Когда-нибудь, – сказал он себе. – Когда-нибудь это кончится. Прошло только полгода, еще не время паниковать. Дальше будет даже хуже. Ты постоянно будешь думать, что проскочил мимо. Но если ты сам не наделаешь ошибок, ты их найдешь. Потому что у тебя есть преимущество. Те же неосознанные реакции им ни за что не потянуть – как бы ни накачали их киберколлекторы. Тем более что им это и не надо. Это та степень несоответствия, которую можно допустить. При условии, что тут нет тебя. А ты есть. И раз ты есть, значит, ты их найдешь. Их ведь совсем немного, этих калик перехожих, которых отобрали для тебя в Центре".

Он вспомнил Пайка, как тот стоял перед Ямакавой и, явно гордясь сделанным, докладывал, что им удалось привязаться к времени и месту.

– Нам, конечно, не определить, где носило "Целесту", – отвечал Ямакаве Пайк. – Но темпораторы вовсе не обязательно размещать на ее борту. Копейка! Мы встретим Летучих на Земле. Эта копейка отчеканена в середине тысяча шестьсот шестьдесят второго. Июнь плюсминус пять месяцев. В итоге мы получаем строго ограниченный интервал...

"Благодари бога, – сказал себе Свирь. – Тебе просто повезло. Ты даже не представляешь, как тебе повезло, что летом шестьсот шестьдесят третьего чеканку медных денег прекратили, а сами деньги изъяли. У твоего безнадежного поиска, во всяком случае, есть видимый конец".

Он поморщился.

"Действительно, конец, – подумал он. – Если до этого времени я не найду Летучих, это и в самом деле будет конец. Гибель надежд. Мой смертный час. Не хотел бы я пройти через это..."

Побродив по Подолу, Свирь вернулся в Китай. Он дошел до Святого Георгия и стал моститься на паперти, прямо на солнцепеке, спугнув, словно птицу, затрясшего лохмотьями и цветисто облаявшего его калеку.

Камеры уже вели Сивого со спутниками, будто направляя их по невидимой, но точно прочерченной линии к той пульсирующей в сознании Свиря точке, где он разорвет сплетенные Состоявшимся нити и шлепнется в пыль, выходя на контакт.

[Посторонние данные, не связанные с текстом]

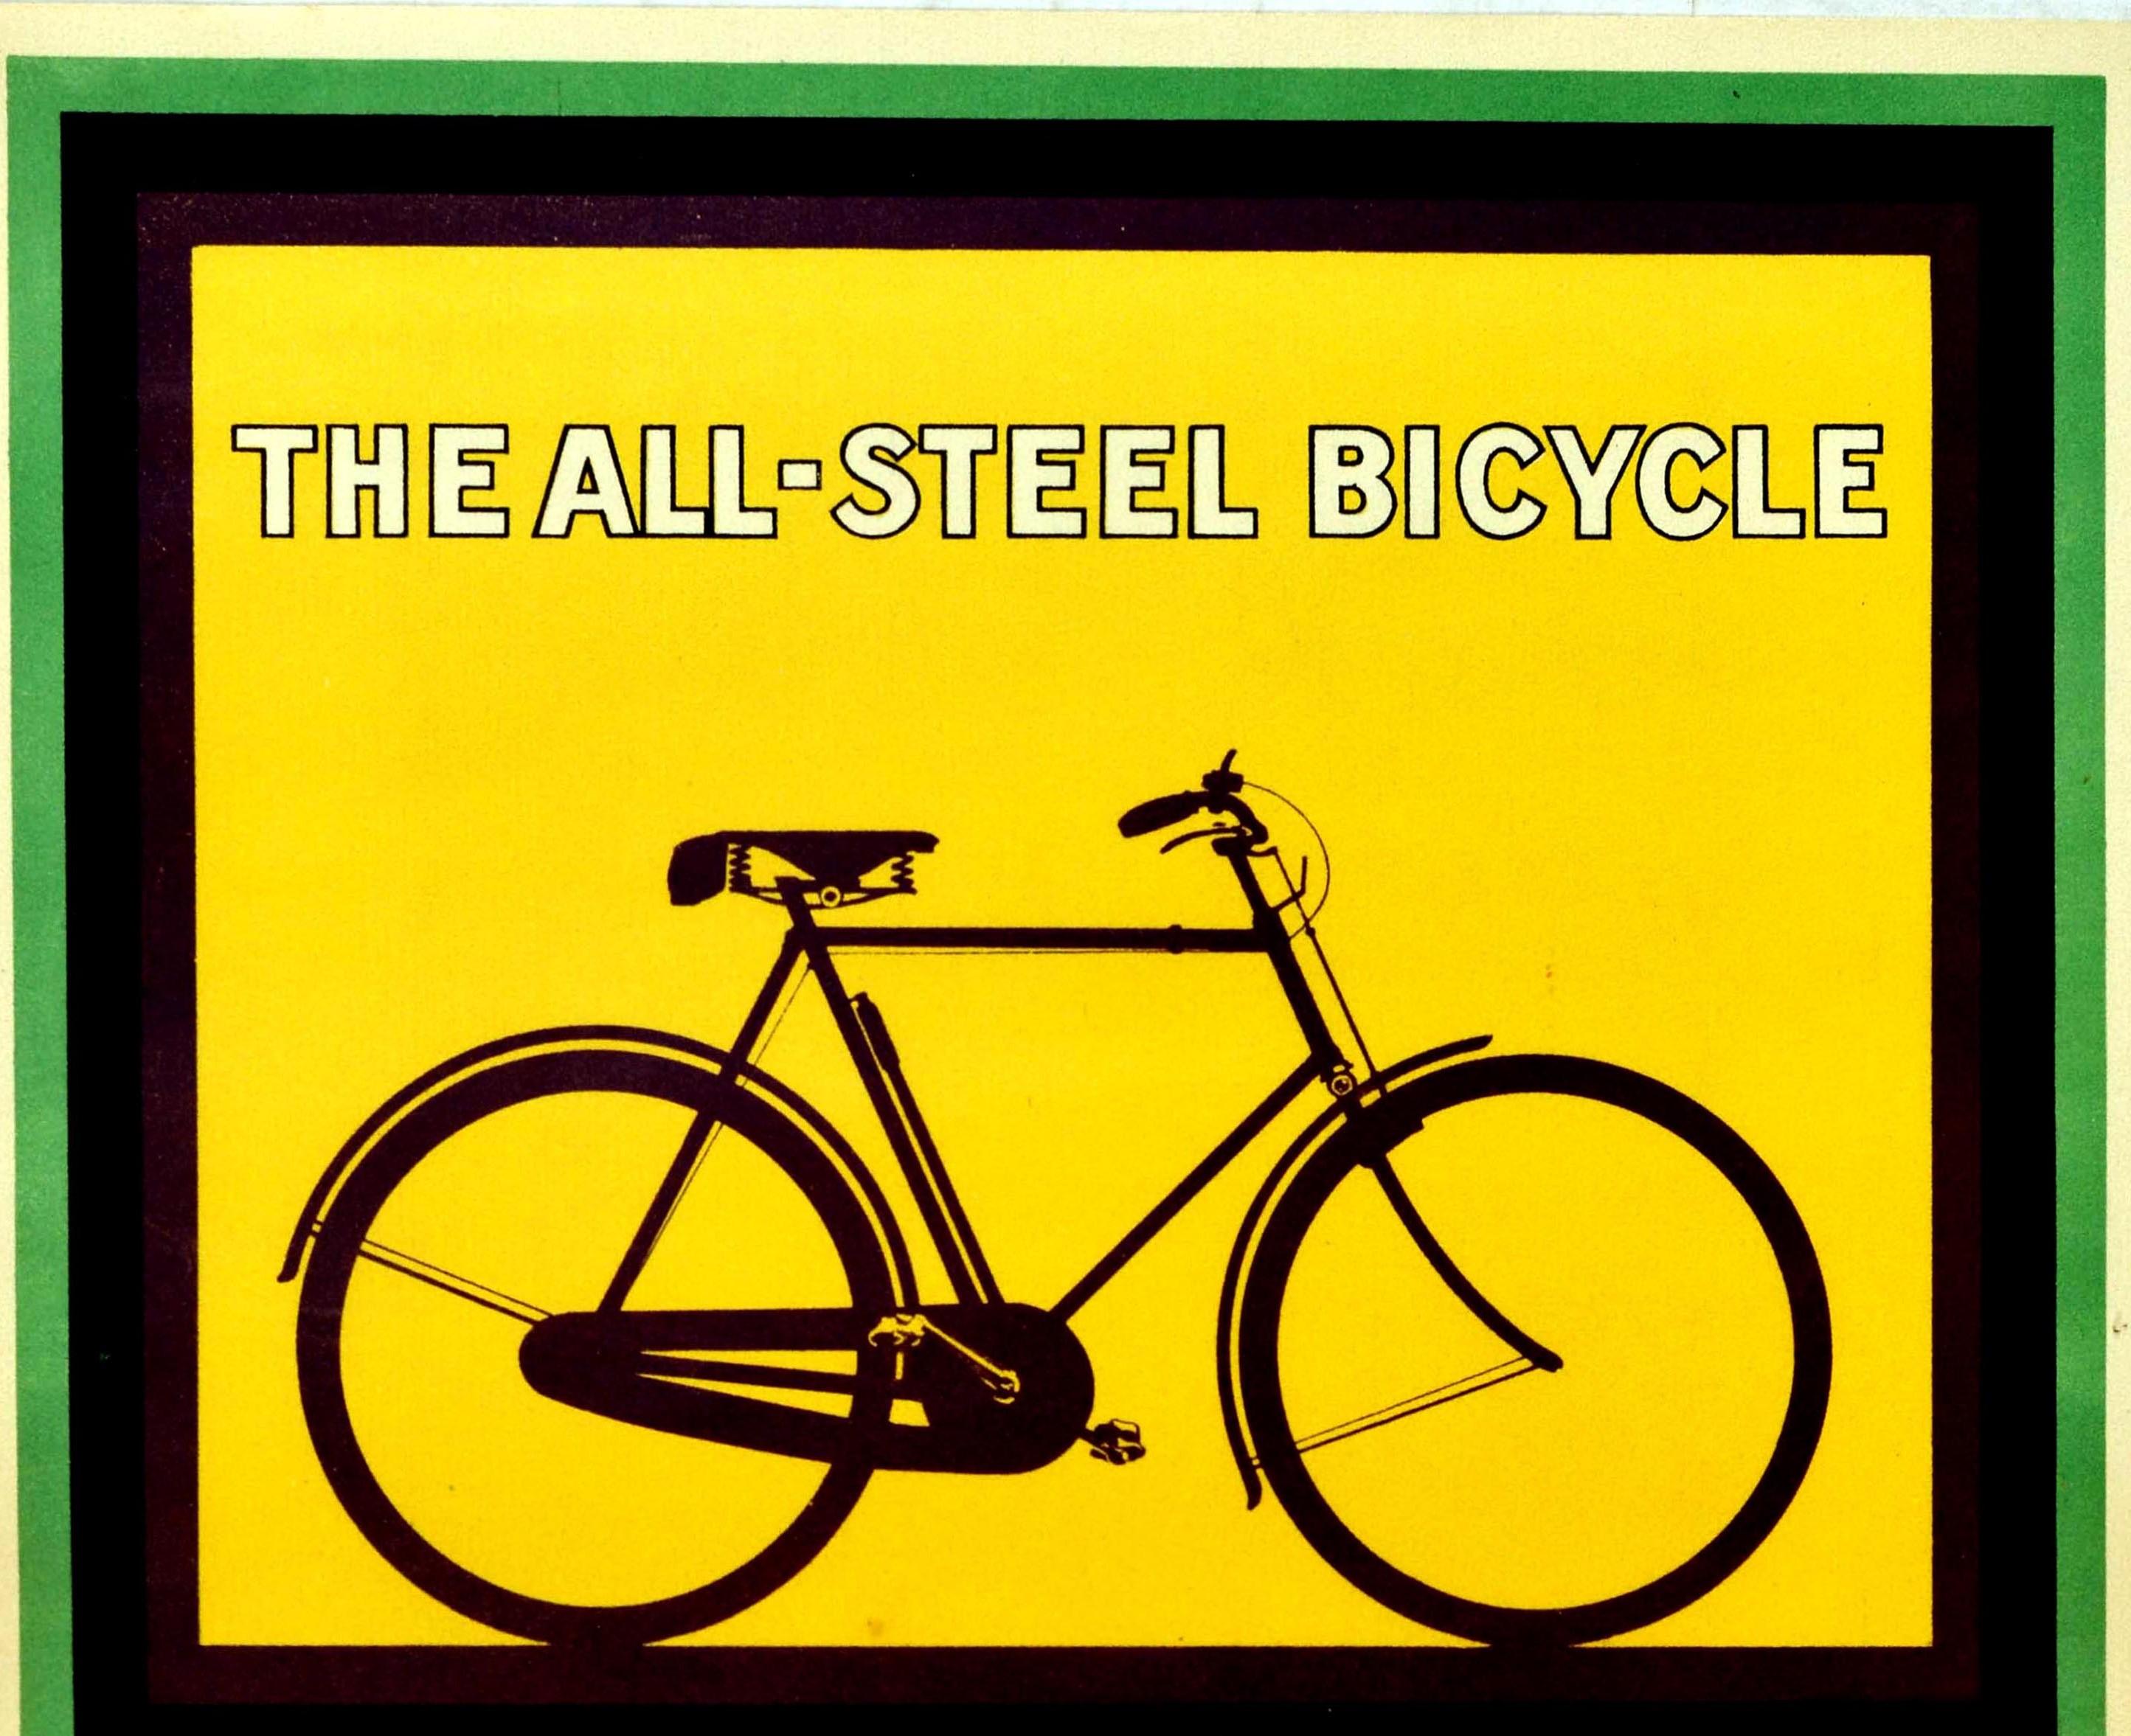 Original Vintage-Werbeplakat für die All Steel Bicycle The Raleigh With Everlasting Guarantee mit einem großen Design einer Silhouette eines Raleigh Fahrrad auf einem gelben Hintergrund mit dem fetten stilisierten weißen Schriftzug in der schwarzen

Он еще раз мысленно отмерил три коротких подпрыгивающих шага, которые необходимо сделать, прежде чем упасть, вытащил и снова воткнул в рукав иголку с ниткой, размял мышцы лица, проиграв досаду, восторг и призывную мольбу, и напрягся, ловя недалекий уже миг, когда Сивый с Обмылком покажутся из-за клетей, выплывая на площадь.

– А, суч-чонок! – оглушительно рявкнул чей-то голос над головой, и, прежде чем Свирь успел осознать услышанное, крепкая и грубая рука вцепилась ему в плечо, и тот же голос продолжал: – Сидишь! Смотришь! Давно я тебя не гонял!

Это был Бакай. Видно, он ночевал где-то на одном из соседних дворов, в мертвой для камер зоне, и теперь, пропущенный Малышом, внезапно оказался рядом. Пьяный, отвратительный, заросший до самых глаз растрепанной бородой, он орал, то занося, то опуская кулак, и Свирь – тренированно съежившийся и трусливо рыскающий глазами – с остановившимся сердцем увидел проходящих мимо и даже не поглядевших в его сторону Сивого с Обмылком.

– Пусти! – пискляво просил он, тщетно пытаясь вырваться. – Что я тебе? Ну пусти! Да пошто ты злобишься? Что я сделал-то?! – кричал Свирь, стараясь не прикусить себе язык от рывков трясущего его за шиворот Бакая.

Секунды просеивались сквозь пальцы. Сивый с Обмылком уже шли Кривым переулком, приближаясь к Зачатию Святой Анны, а Бакай, распаляясь, входил в раж, и ясно было, что сейчас он начнет бить.

– Мокрота! – ревел Бакай. – Моча песья! Меня ищешь, шкура горбатая?! Зашибу!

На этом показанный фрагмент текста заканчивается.